Art
Hal Foster
American art critic, historian, and Townsend Martin, Class of 1917, Professor of Art and Archaeology at Princeton University, whose writings on postmodernism, the avant-garde, and contemporary art have shaped critical discourse since the 1980s.
Why They Matter
Hal Foster (born 1955) studied at Columbia University and the City University of New York and emerged in the early 1980s as one of the most intellectually ambitious voices in American art criticism. His edited volume The Anti-Aesthetic: Essays on Postmodern Culture (1983) became a defining anthology for postmodern thought in the arts, gathering essays by Jean Baudrillard, Fredric Jameson, Jurgen Habermas, Rosalind Krauss, and others that collectively mapped the terrain of a cultural landscape in which modernist certainties had dissolved. The book's title alone declared a program: aesthetics as traditionally conceived was no longer adequate to the conditions of late-capitalist cultural production.
Foster joined the faculty of Princeton University, where he holds the Townsend Martin, Class of 1917, Professorship in Art and Archaeology, and has also been a regular contributor to October, the journal co-founded by Krauss and Annette Michelson that has served as the principal organ of advanced art criticism in America. His own critical writings, including Recodings: Art, Spectacle, Cultural Politics (1985), The Return of the Real (1996), and Prosthetic Gods (2004), combine psychoanalytic theory, Frankfurt School critical theory, and close formal analysis to interrogate the relationship between avant-garde art and the broader culture it claims to resist.
As co-author, with Rosalind Krauss, Yve-Alain Bois, and Benjamin H.D. Buchloh, of Art Since 1900: Modernism, Antimodernism, Postmodernism (2004, revised 2011 and 2016), Foster helped produce the most comprehensive and theoretically sophisticated survey of modern and contemporary art available.
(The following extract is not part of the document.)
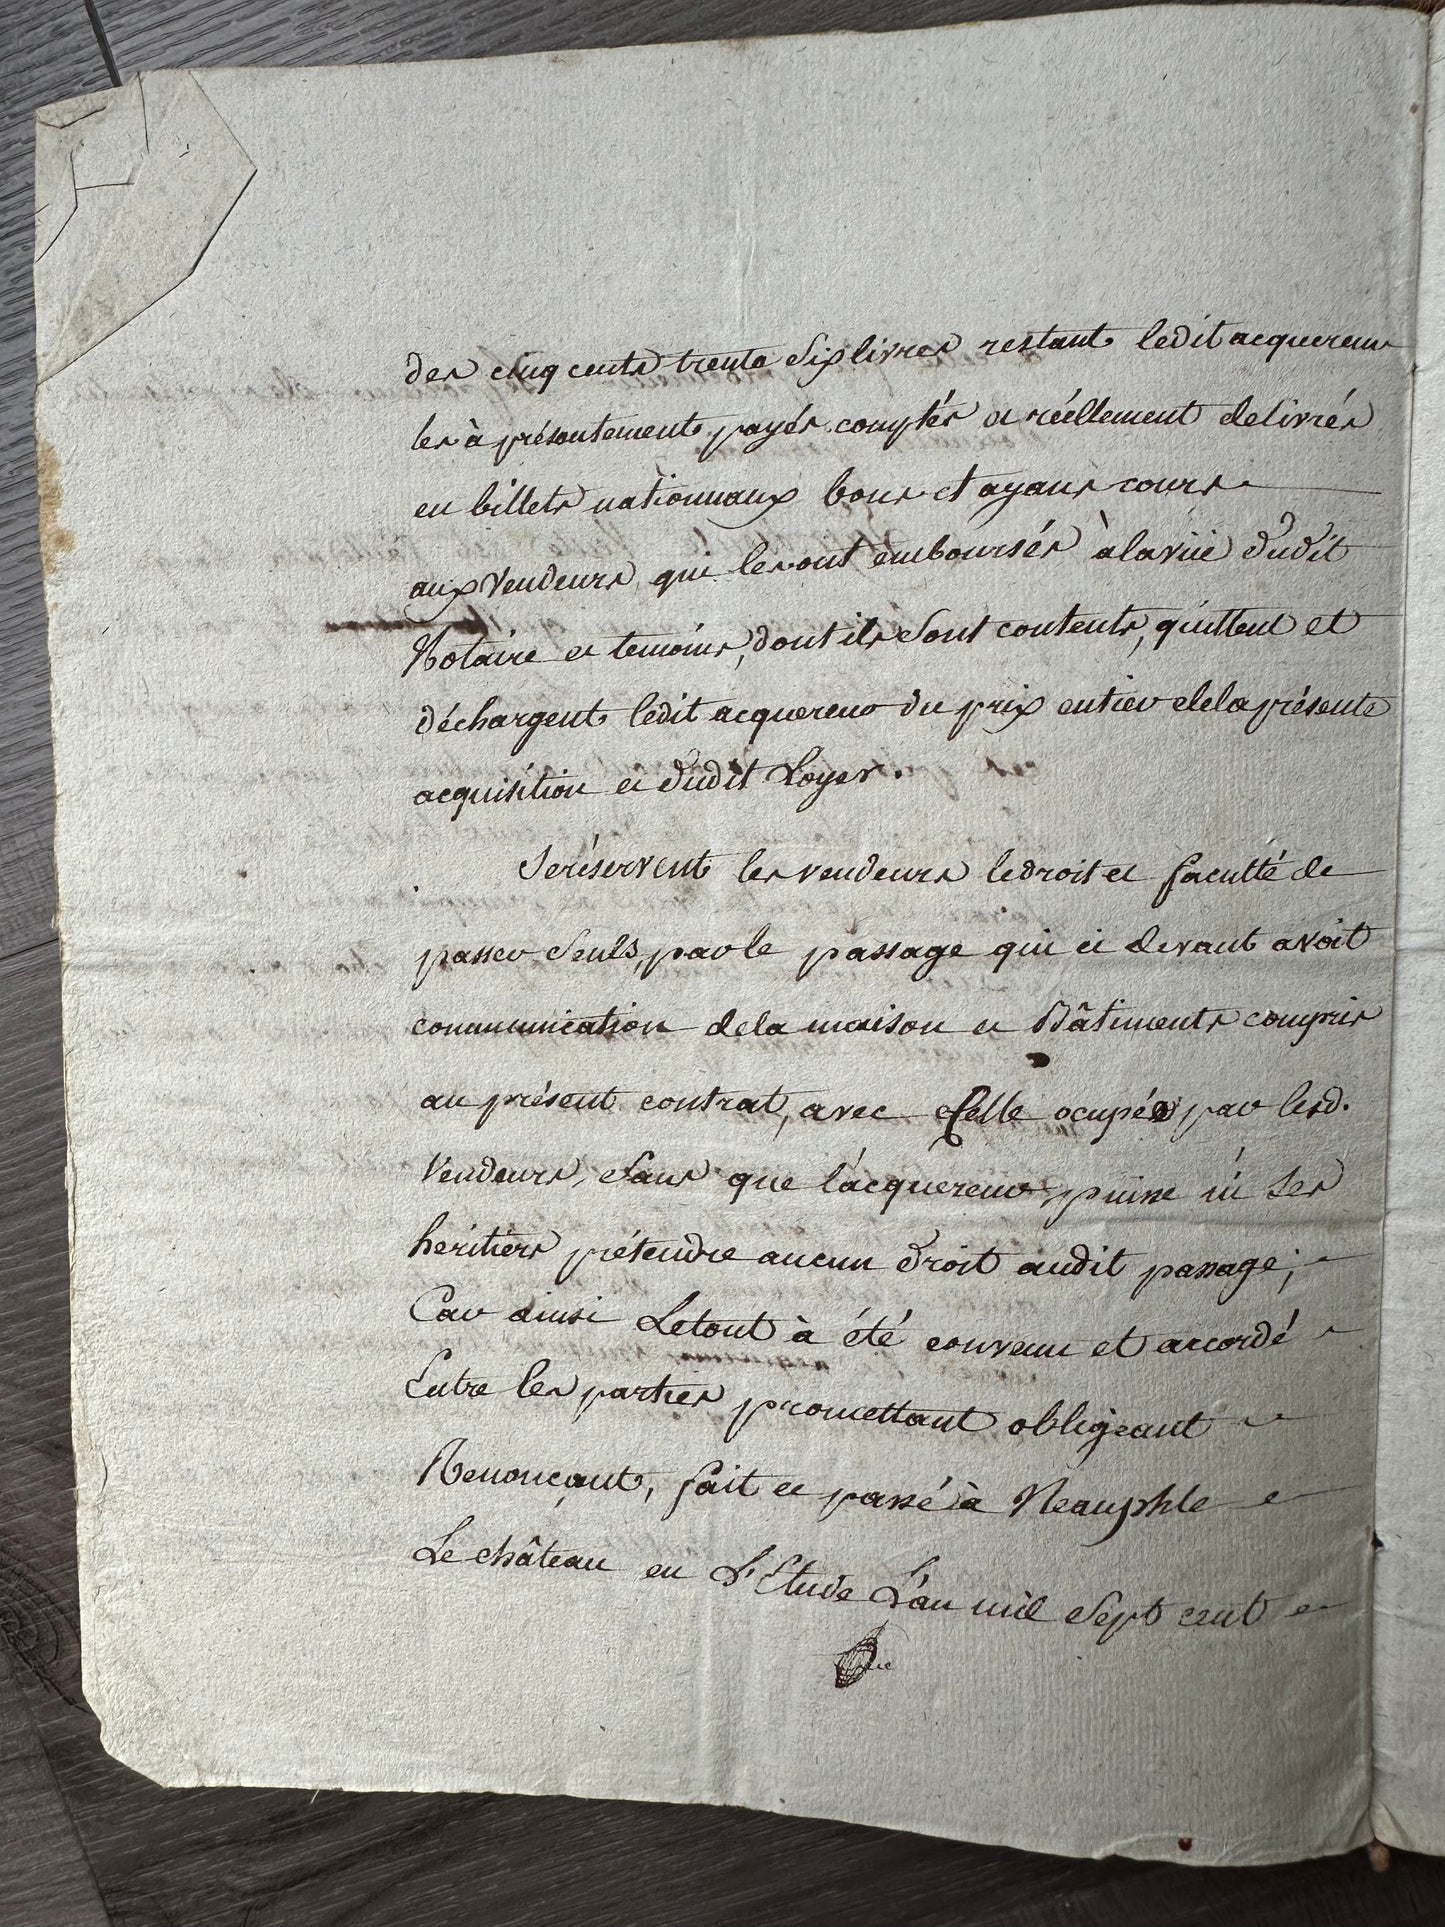 1793 French Legal Manuscript

The textbook's innovative structure, organized as a sequence of dated entries rather than a continuous narrative, reflected its authors' conviction that art history is not a smooth progression but a series of ruptures, returns, and contestations.
Foster's influence extends across art history, literary studies, and cultural theory. His concept of the 'return of the real' -- the argument that avant-garde art periodically returns to traumatic encounters with the body and the social that earlier movements had sublimated -- has become a widely cited framework for understanding the relationship between aesthetic experimentation and historical experience. He continues to write and teach at Princeton, where his seminars attract students from across the humanities.